[Data — start]

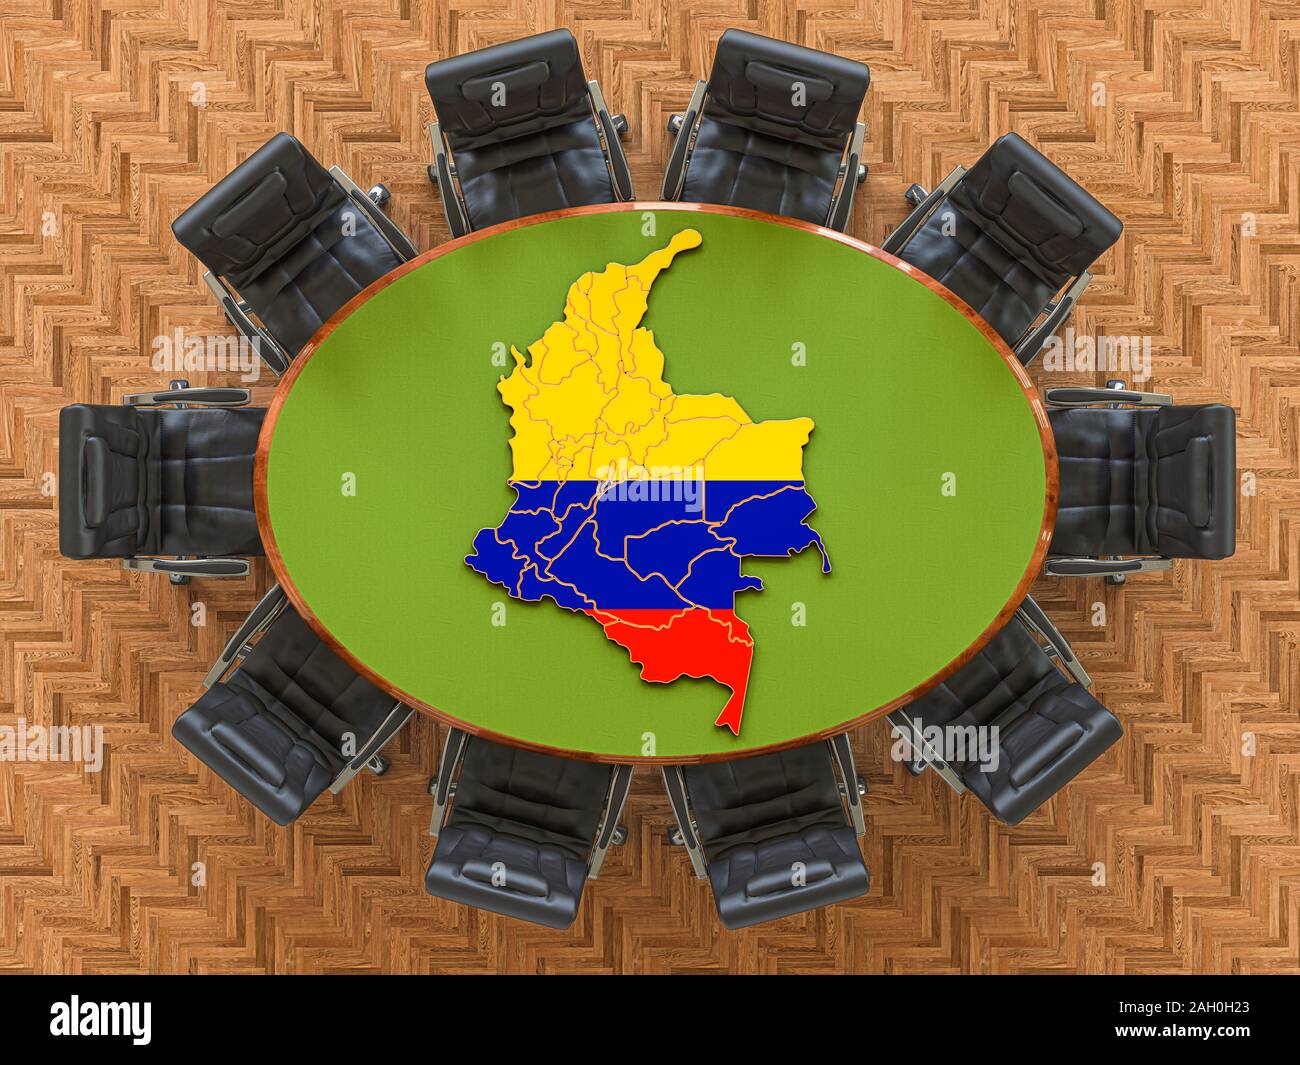 Réunion du gouvernement colombien. Plan de Colombie-Britannique sur la table ronde, 3D Rendering Banque D'Images
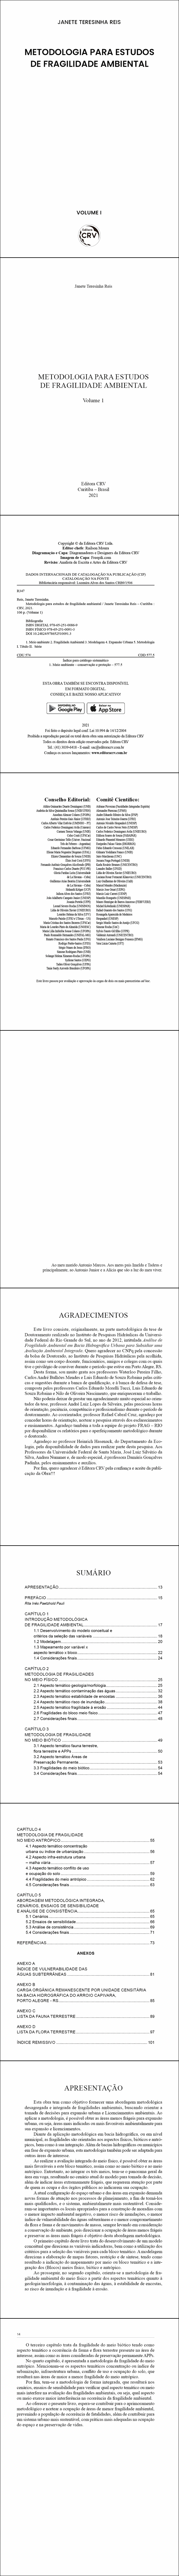 METODOLOGIA PARA ESTUDOS DE FRAGILIDADE AMBIENTAL <br>Volume 1
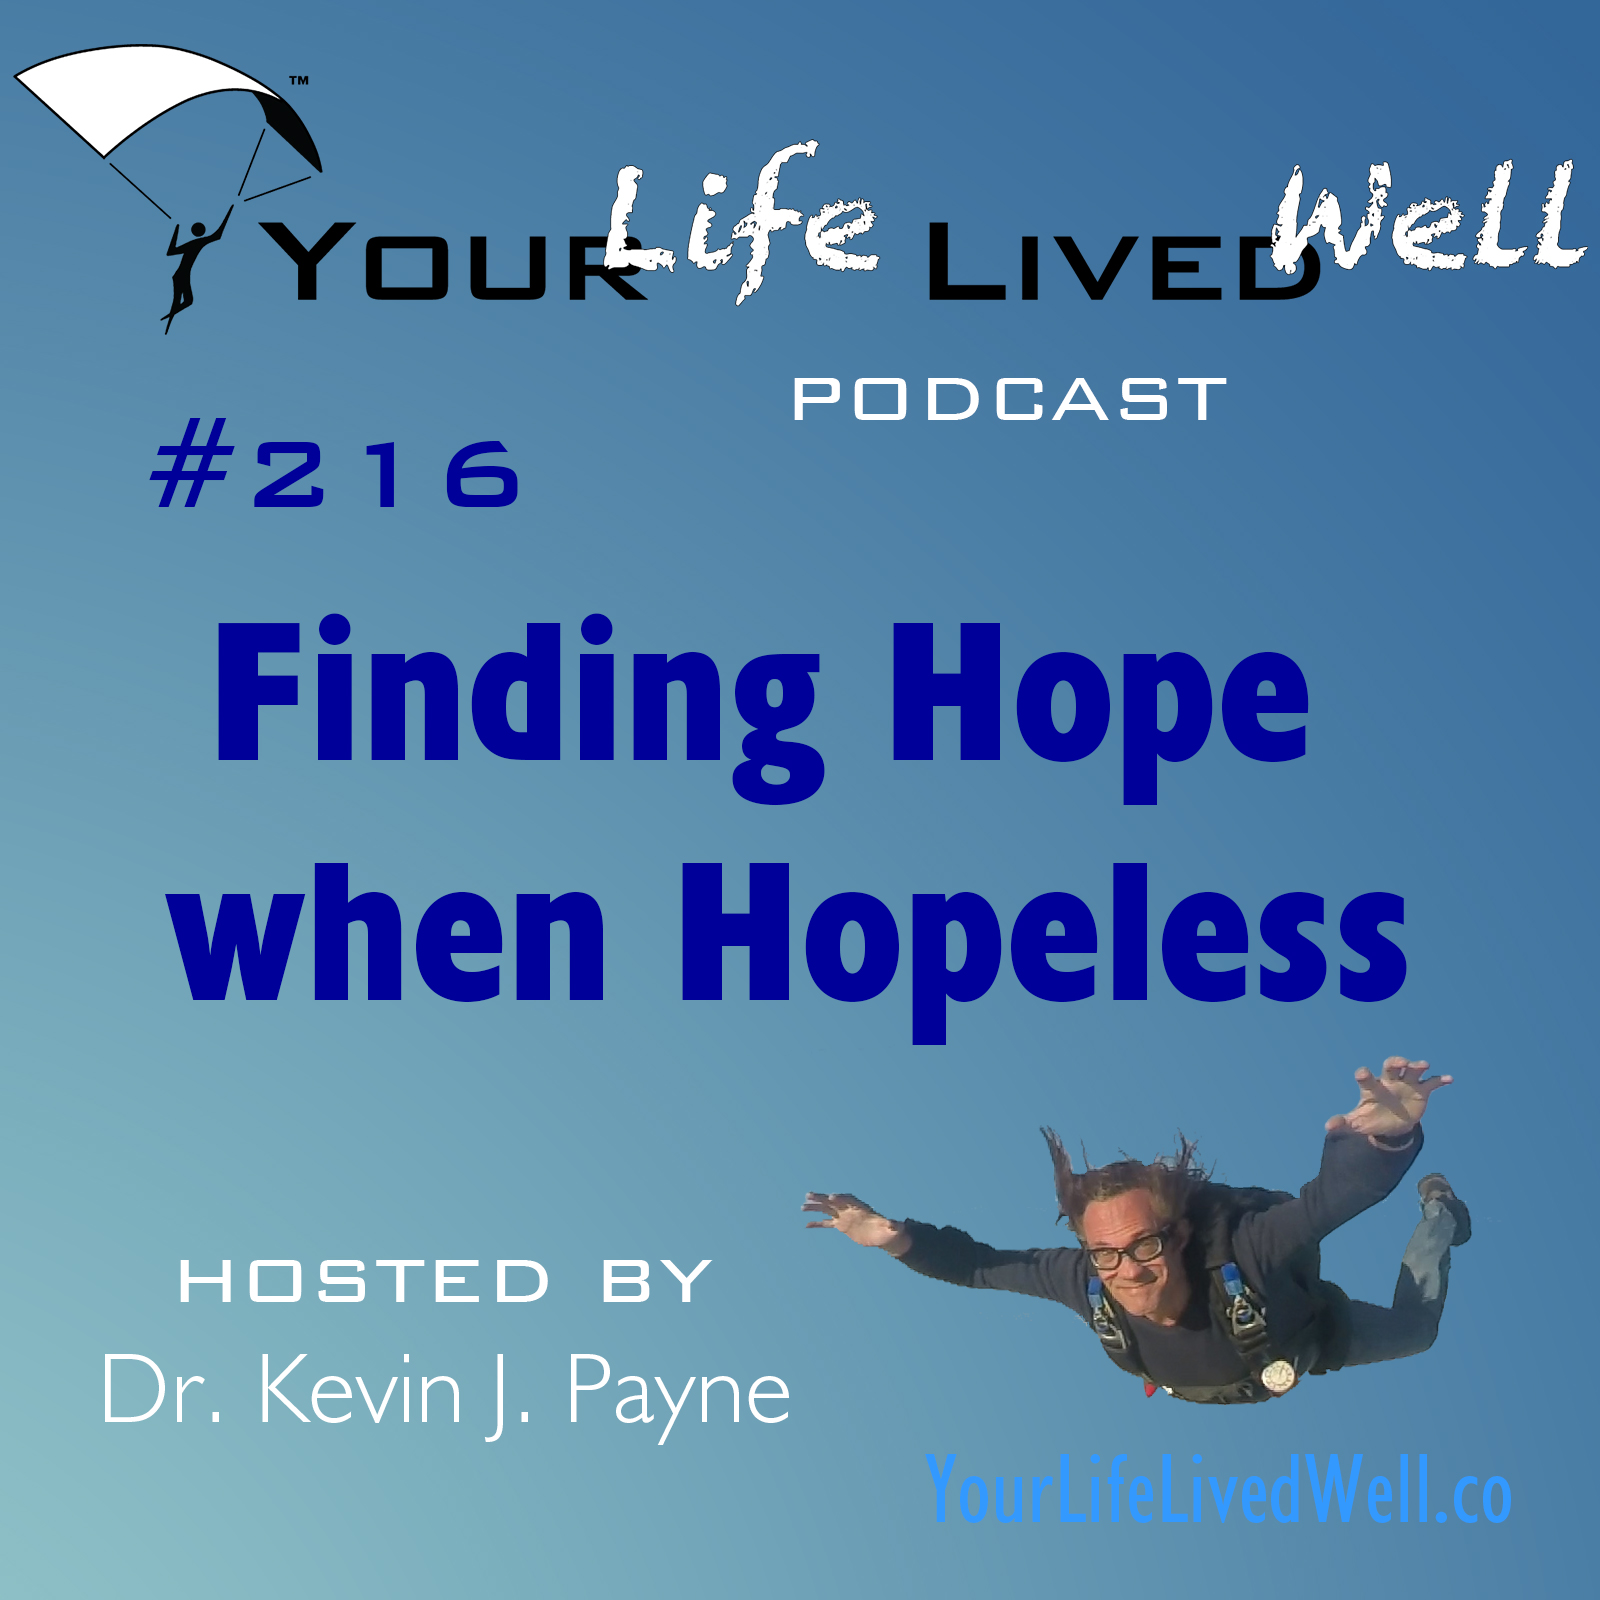 Finding Hope when Hopeless
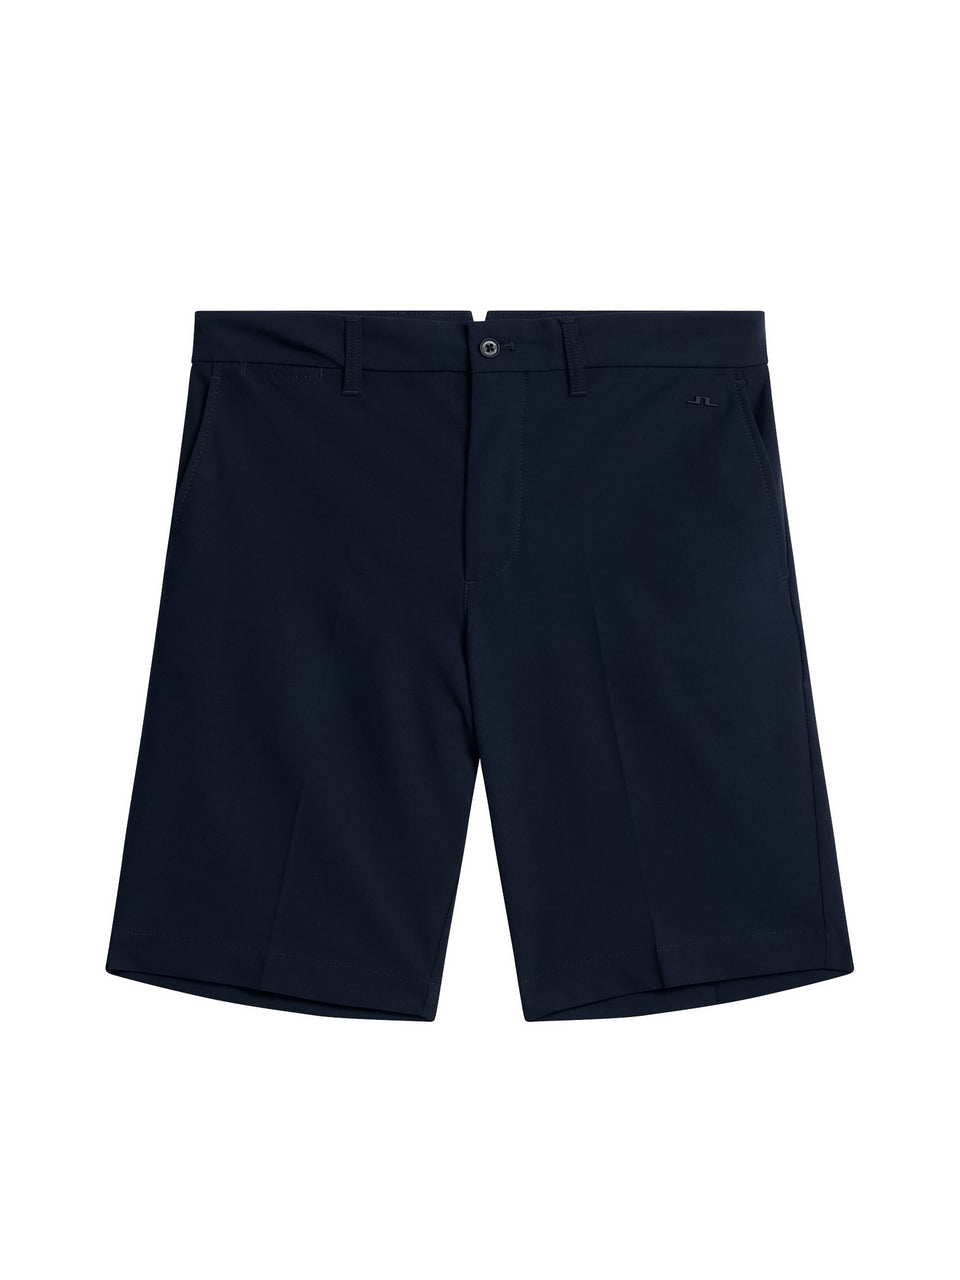 Eloy Shorts / JL Navy

[Data — finish]

## What to produce
Once the pictures are set aside, repeat the data above exactly as written.

## Final answer
 Réunion du gouvernement colombien. Plan de Colombie-Britannique sur la table ronde, 3D Rendering Banque D'Images
 METODOLOGIA PARA ESTUDOS DE FRAGILIDADE AMBIENTAL <br>Volume 1
 Finding Hope when Hopeless
 Eloy Shorts / JL Navy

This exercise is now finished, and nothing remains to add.